Detection of alternative splicing
As one of the major mechanisms to generate transcriptome diversity, alternative splicing (AS) is gaining more and more attention in recent years. In this context, the ability of each sequencing platform under comparison to detect splicing junctions and corresponding alternative splicing patterns were subsequently analyzed across transcriptomes. In mouse, 53,557, 59,709 and 53,014, 56,741, 64,105 and 48,089 AS events could be detected by GenoLab M and NovaSeq 6000, respectively. Top three AS events in all libraries were TSS: Alternative 5' first exon (transcription start site), TTS: Alternative 3' last exon (transcription terminal site) and AE: Alternative exon ends (5', 3', or both) cross two platforms (Fig.8 A). In mouse LncRNA data, the AS events component in mRNA presented similarly to transcriptome (Fig.8 B). For human sample, AS events component in transcriptome and mRNA of LncRNA data were of the same pattern and Top 3 AS were TSS, TTS and SKIP:Skipped exon(SKIP_ON,SKIP_OFF pair) as showed in Fig.8 C and D. In beans, 78,137, 82,558 and 105,038, 83,072, 84,526 and 90,580 AS events could be detected by GenoLab M and NovaSeq 6000, respectively. Top three AS events in all libraries were TSS, TTS and AE (Fig.8 E). As for both the number and the type of different AS events, we found that there was no significant difference between the three species in the two platforms.

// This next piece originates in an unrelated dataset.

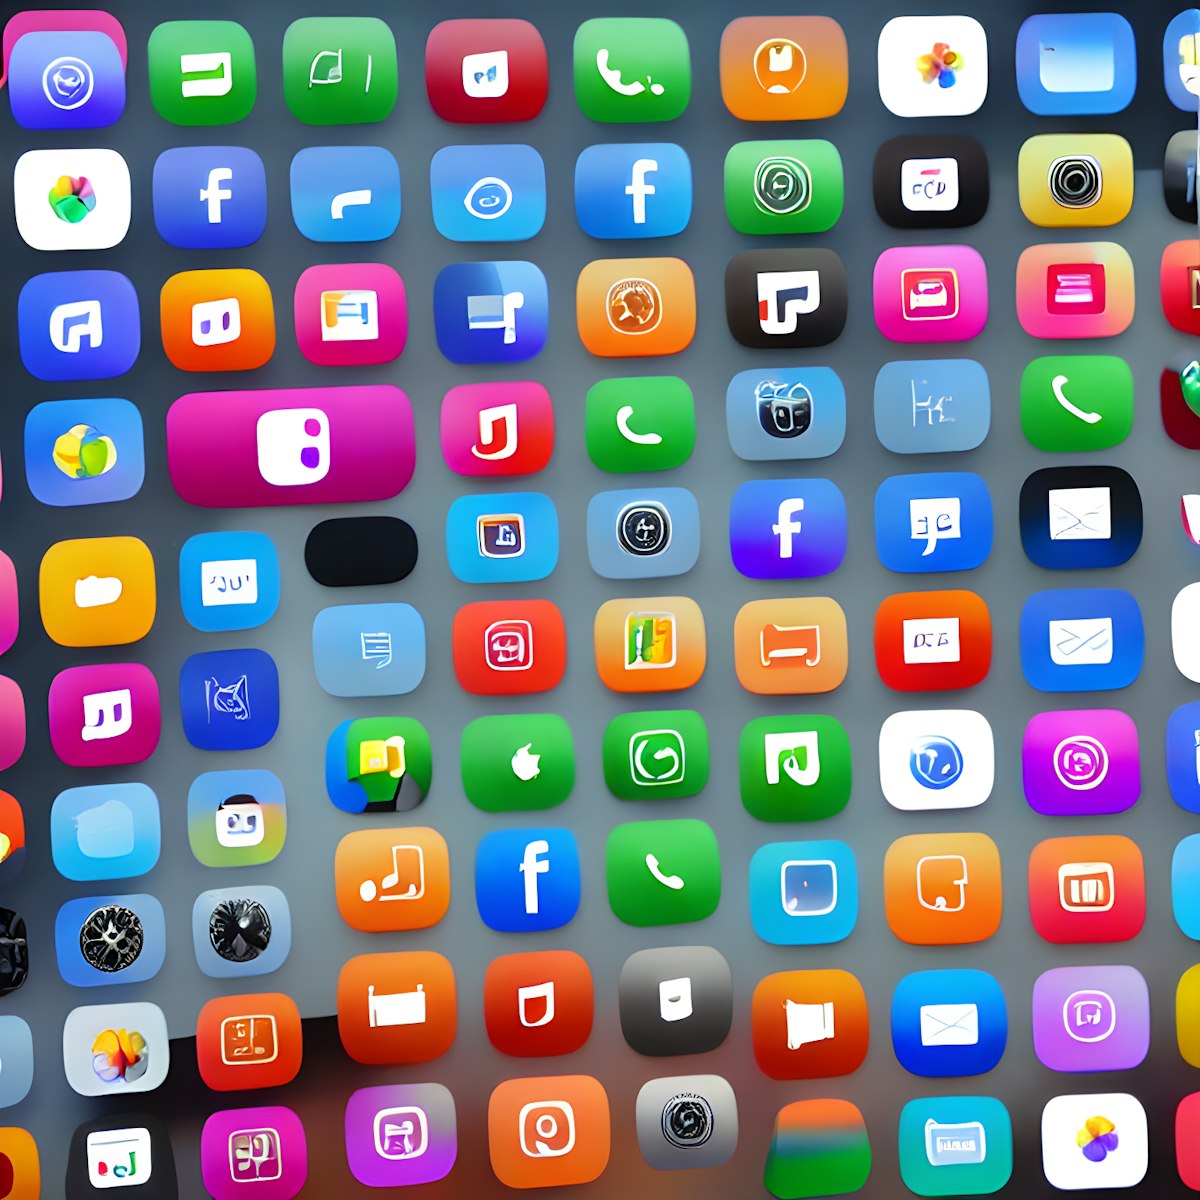 featured image - Apple’s Icons Have That Shape for a Very Good Reason

Identification of SNP and InDel mutation
SNP and InDel are crucial genomic features to reveal genetic variation. High throughput transcriptome analysis contributes to how these DNA variations can be transcribed into RNA messengers to affect subsequent protein function. Therefore, we examined the competency of the GenoLab M sequencing platform to detect SNP and InDel variations at the mRNA level. Regarding SNP detection, we found that SNPs called from the two sequencing platforms (Table.2) were highly similar in both variety and quantity. The largest difference is that the GenoLab M platform identified slightly more SNP events in mice than NovaSeq 6000 on average.

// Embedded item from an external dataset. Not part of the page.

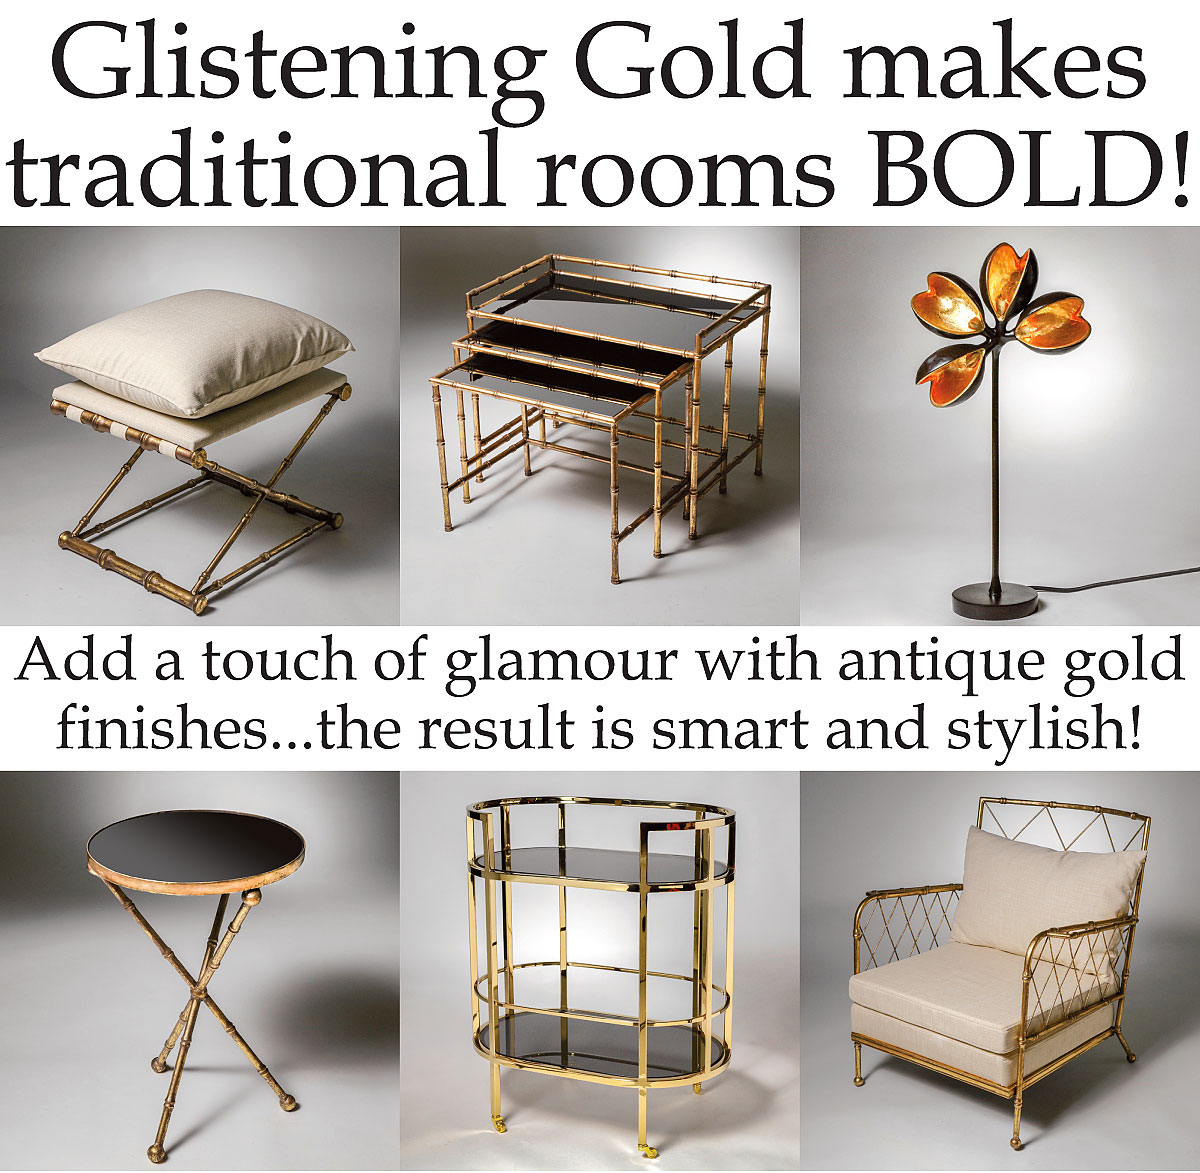 Glistening Gold makes traditional rooms BOLD!

For InDel events, GenoLab M detected less of them than the NovaSeq 6000 in bean, human and mouse (Table.3). The closest InDel number was in bean sample prepared with Vazyme Biotech (VZ) transcriptome library kit, while significant difference was observed in mouse via Yeasen Biotechnology (YS) transcriptome library kit. These results suggest that GenoLab M has slightly inferior in InDel detection, probably due to shorter read length in this study.